Heat oil in a 12 inch heavy skillet over medium high heat until it shimmers. Cook burgers until outsides are crisp and lightly browned, turning once, about 5 minutes total. Transfer to buns.
The result was quite tasty, very earthy but the fresh veggies gave it some much needed brightness. If I had sour cream that would have been a lovely topper for such a burger, but it had been sitting in the fridge too long and had gotten a bit too sour. I eyed my newly acquired mayo. I plunked a teaspoon and a half into a ramekin and squeezed in about half a teaspoon of lime juice. Whisked together, it made a great spread for this very heavy meal.
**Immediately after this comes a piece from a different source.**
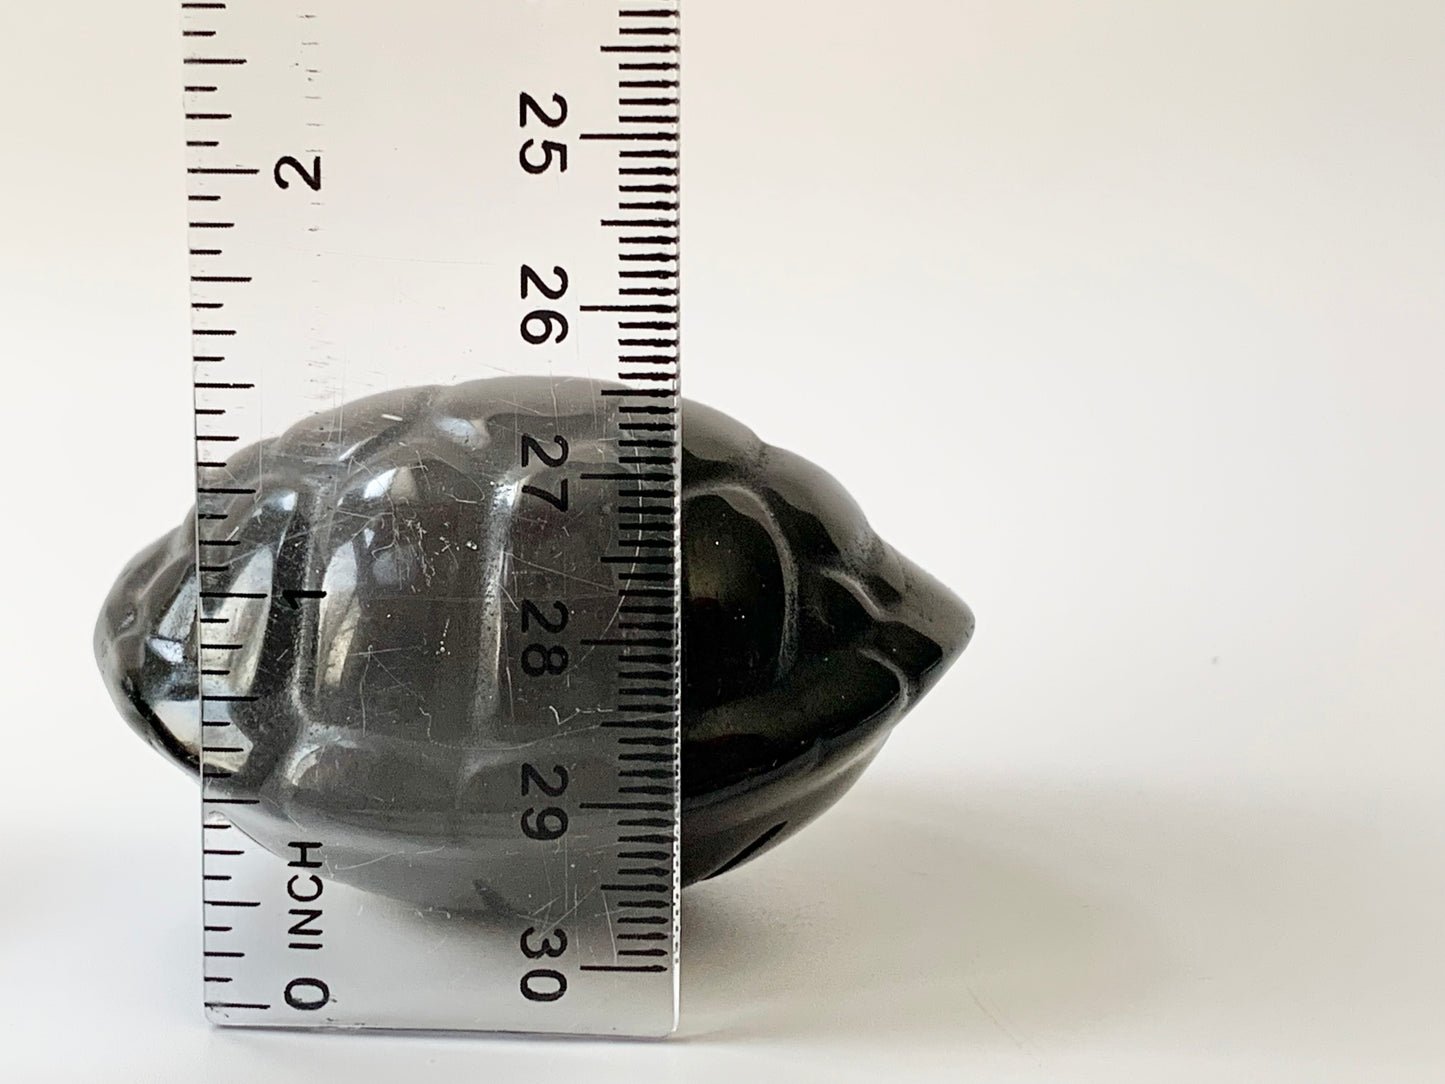 Turtle Shell Carving, obsidian

In the end, I think this burger makes a great base that could be taken in many different directions. I may go more Southwestern and add jalapenos. Maybe I'll wear a ten gallon hat while I do it. I may take a cue from the cumin and head to Southeast Asian, plunking some curry powder into the mix. Cause I would look hot in a sari. Any way you spice it up, its a great way to use what you have on hand to make a really quick and interesting week night dinner (or to sate some vegetarians at a cookout this summer). But me, I'm done shopping my cabinets for dinner. I'm ready to fill this apartment with fresh veggies that will appear in the farmers market soon. Really. Any minute now. Green will come sprouting out of the earth. Tap. Tap. Tap.